I am back including my posts. Mary Oliver wrote this beautiful and short poem which points out the need for quiet time. I  accomplished a lot during my break. I flew home twice and am back in Edmonton for Christmas. I spent the time away from the blog completing the course work and getting ready for the next part of the journey: my dissertation writing.

Wherever I am, the world comes after me.

It offers me its busyness. It does not believe

that I do not want it. Now I understand

why the old poets of China went so far and high

into the mountains, then crept into the pale mist.

The Sunset

There is an interdependence I often lose track of in life when I get busy. It was nice to get away from the reading and writing for a few days. Black Elk, a holy man of the Oglala Lakota, said these words many years ago and they resonate with me today.

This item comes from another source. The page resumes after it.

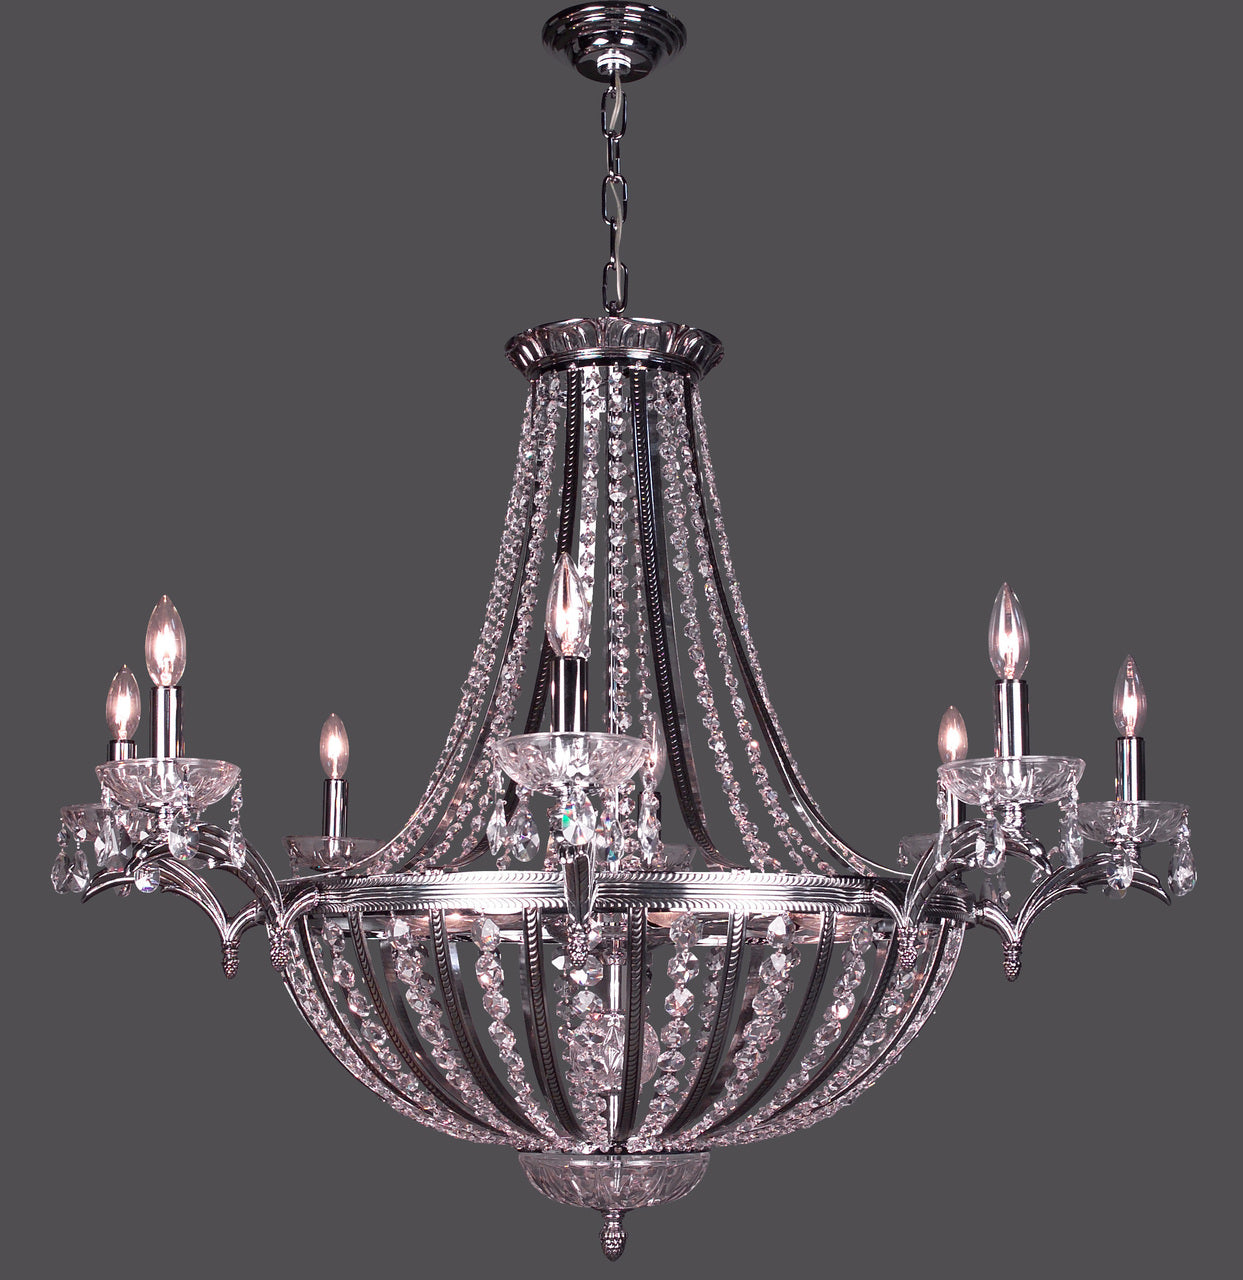 Classic Lighting 1928 CHB S Terragona Crystal Chandelier in Chrome/Black Patina (Imported from Spain)

I recognize that interconnectedness when I allow myself to find a higher vantage point. My daily life, surrounded with by busyness, focuses me on the particulars. The spiritual vantage point, which elevates me, allows me to see sometimes the fuller circle.

Then I was standing on the highest mountain of them all,

And round beneath me was the whole hoop of the world

And while I stood there I saw more than I can tell

And I understood more than I saw

For I was seeing in the sacred manner the shape of all things of the spirit!

And I saw that the sacred hoop of my people was one of many hoops that make one circle, wide as daylight and starlight,

And in the center grew one mighty flowering tree.